WORK TASK: Take the line containing "Ravensburger One Dot at a Time (1500 Pc)" through the last line of the data and retype those lines exactly. Pictures do not belong in the copy.
-- DATASET EXTRACT follows --
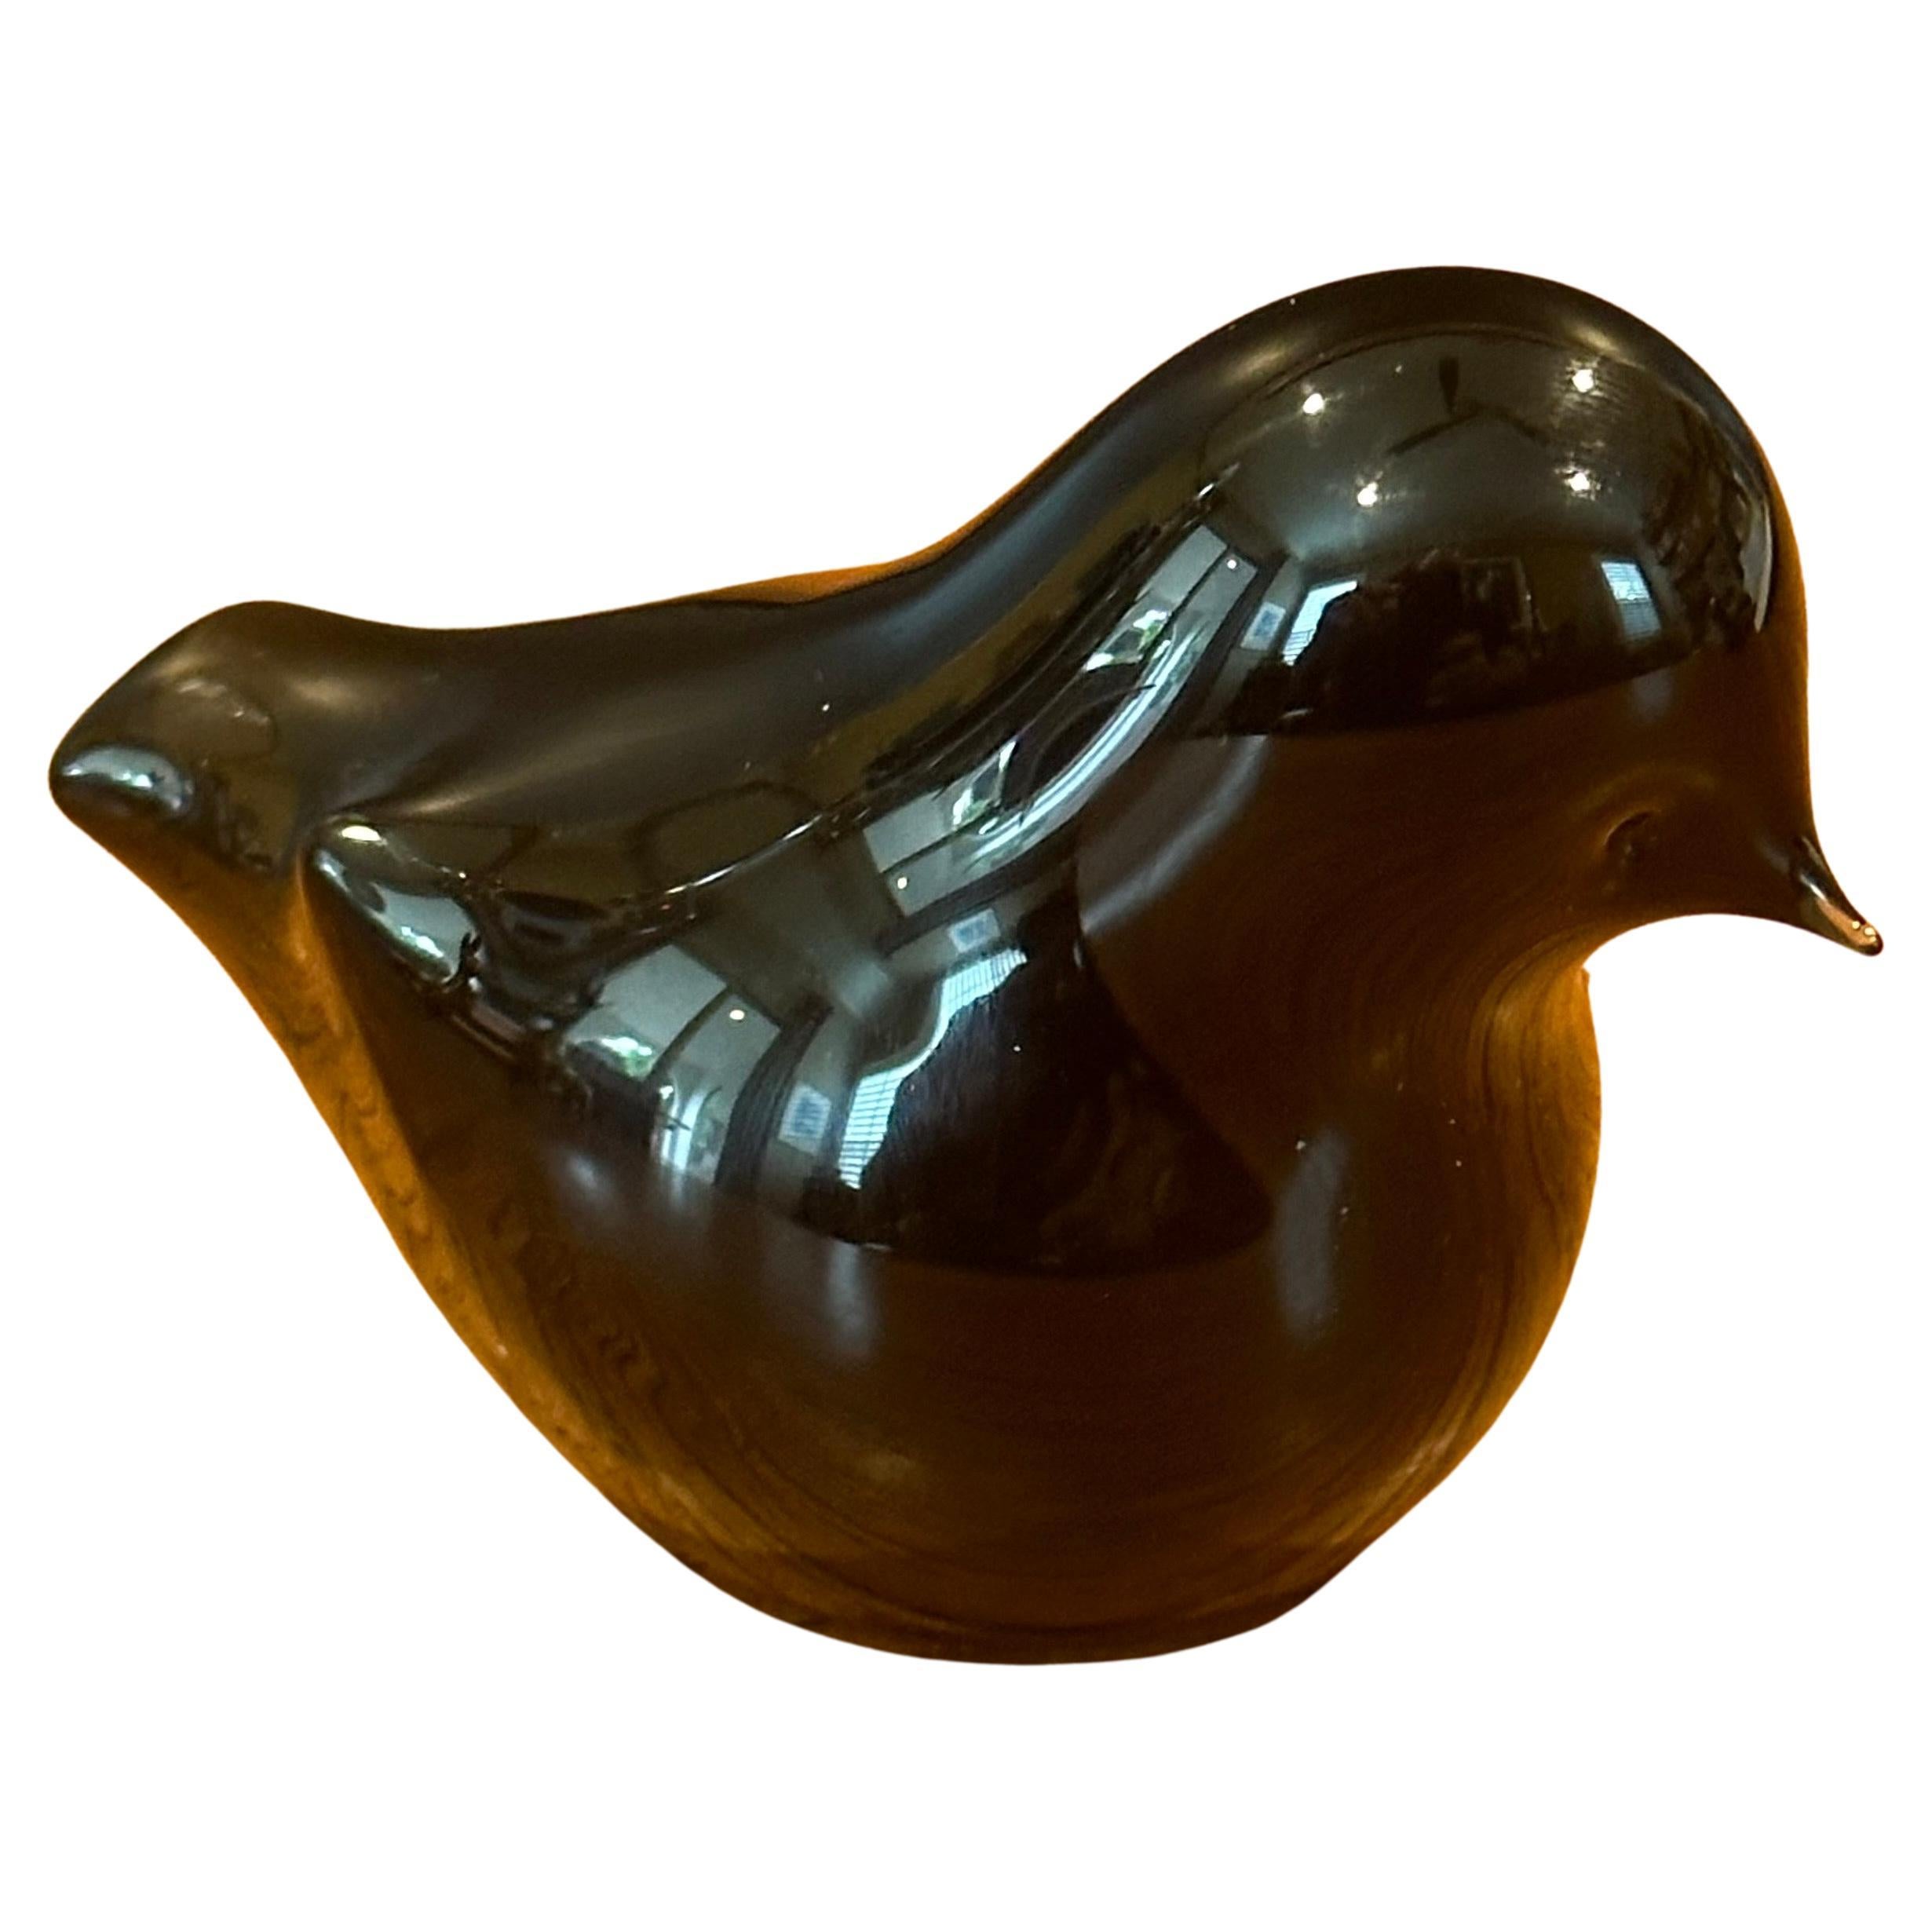 Small Art Glass Bird Paperweight / Sculpture by Nuutajarvi of Finland For Sale
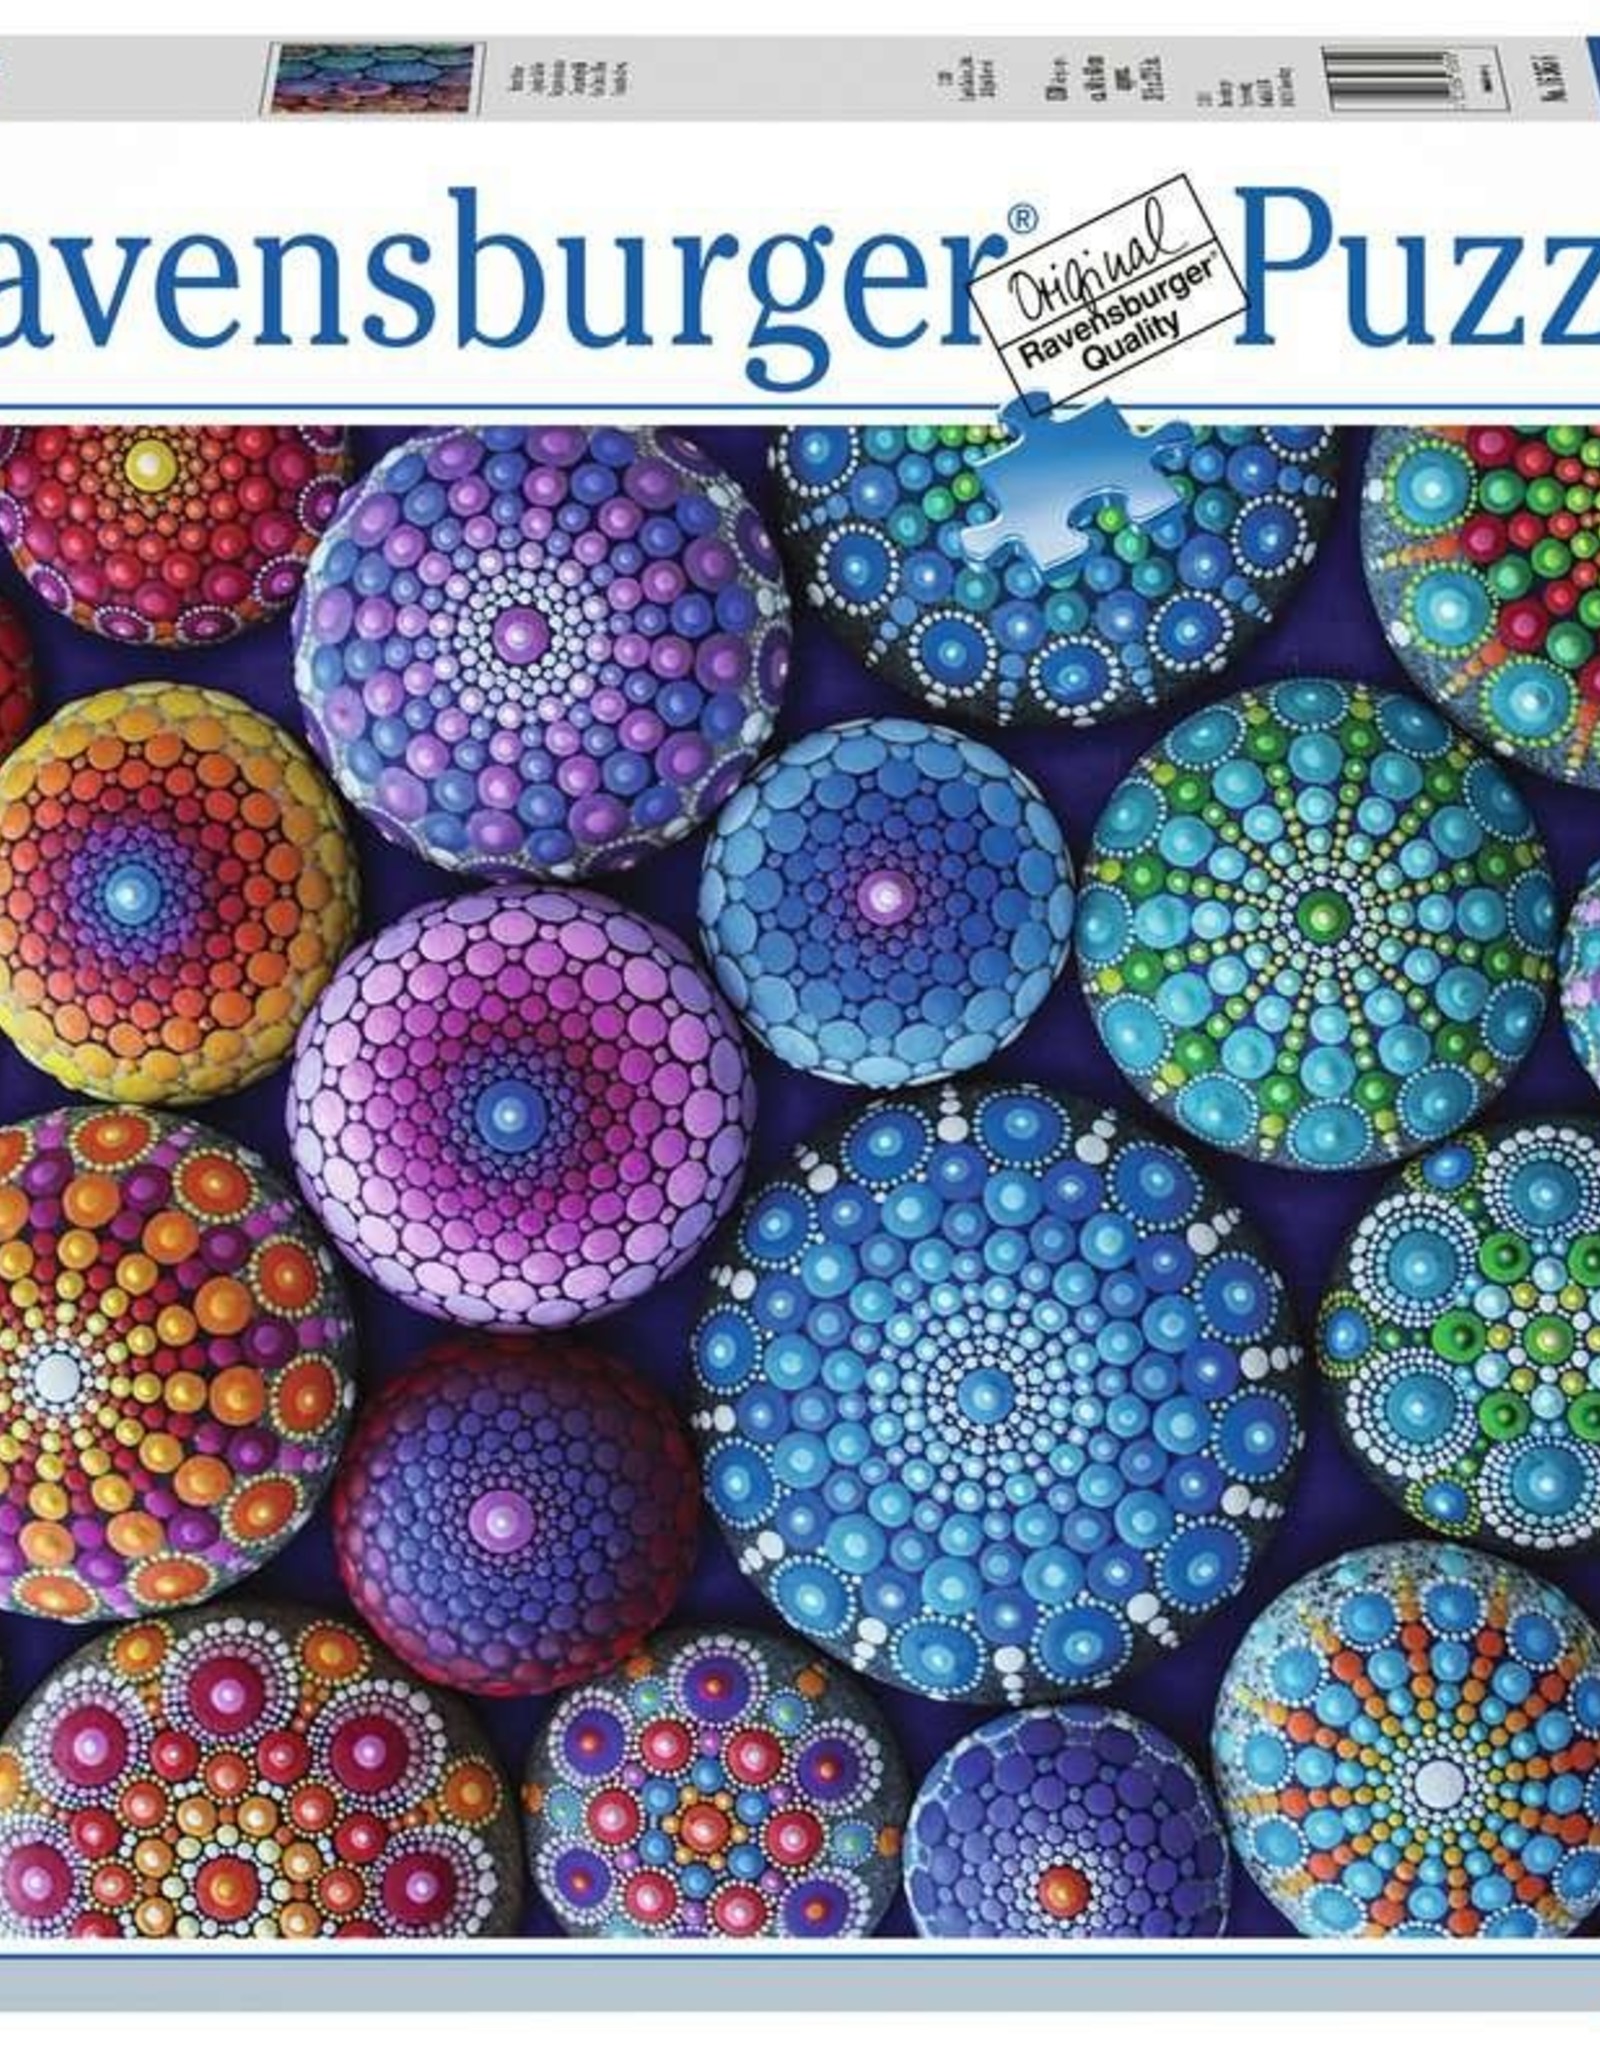 Ravensburger One Dot at a Time (1500 Pc)
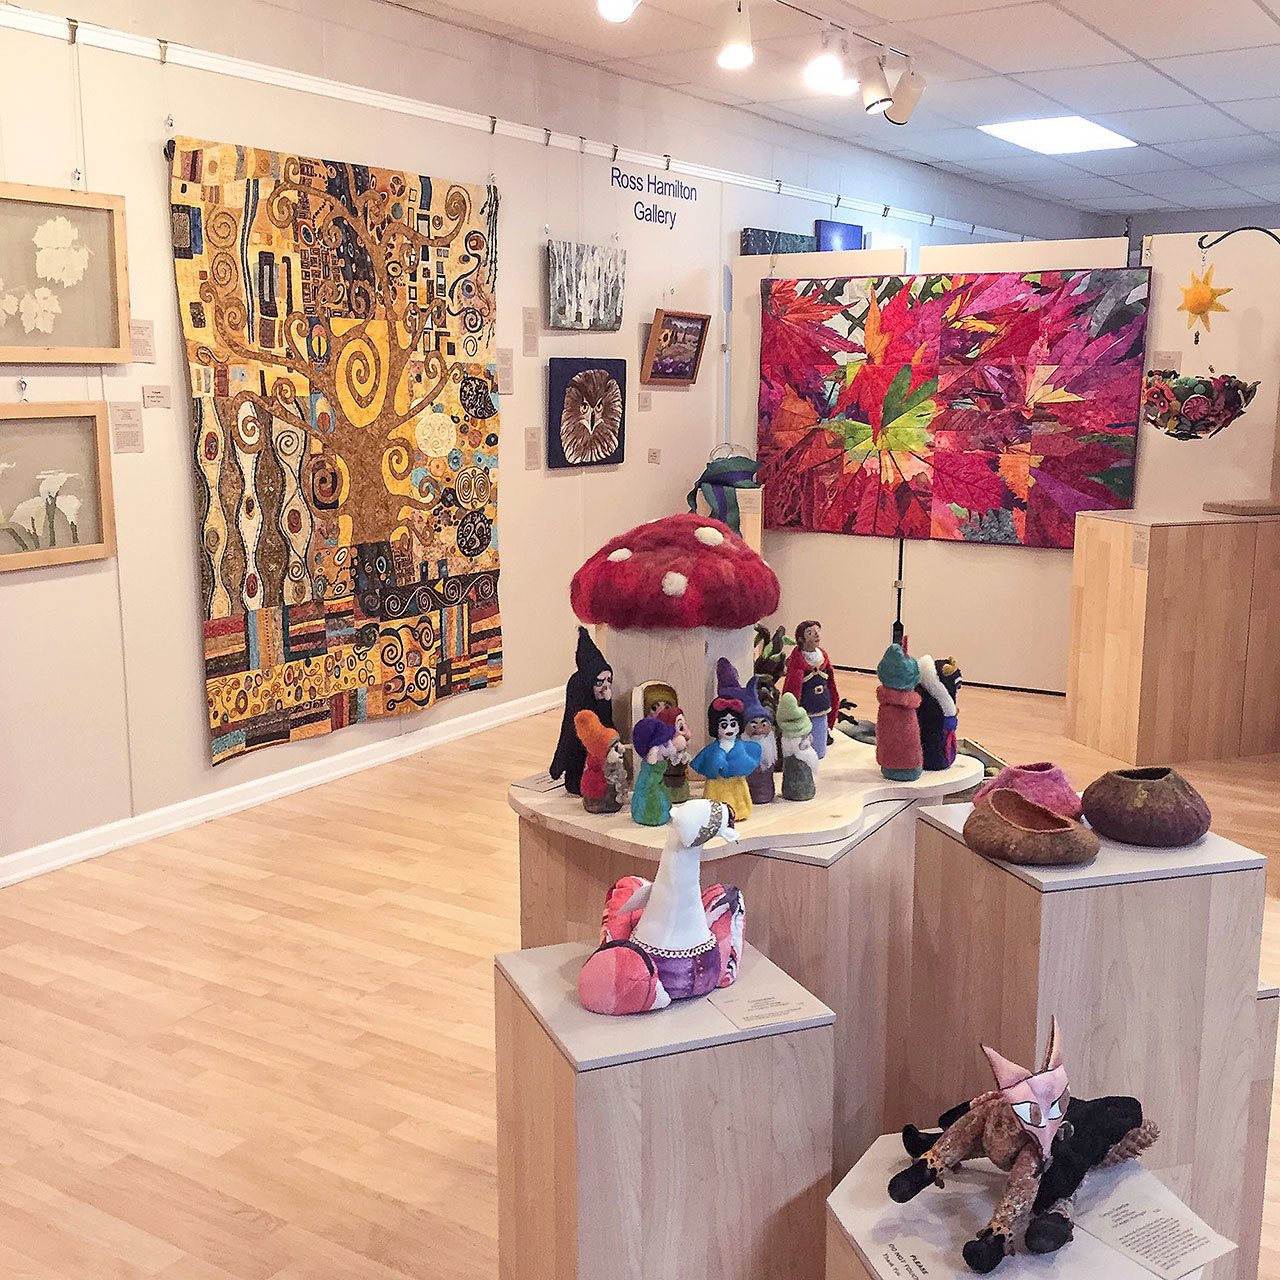 The Museum and Arts Center, 175 W. Cedar St., during Art Walk will offer a glimpse at the North Olympic Fiber Arts Festival’s “Material Measurement – Magnitude, Meaning & Makers” fiber arts juried exhibition. — The Museum and Arts Center.
-- DATASET EXTRACT concluded --
EXPECTED ANSWER:
 Ravensburger One Dot at a Time (1500 Pc)
 The Museum and Arts Center, 175 W. Cedar St., during Art Walk will offer a glimpse at the North Olympic Fiber Arts Festival’s “Material Measurement – Magnitude, Meaning & Makers” fiber arts juried exhibition. — The Museum and Arts Center.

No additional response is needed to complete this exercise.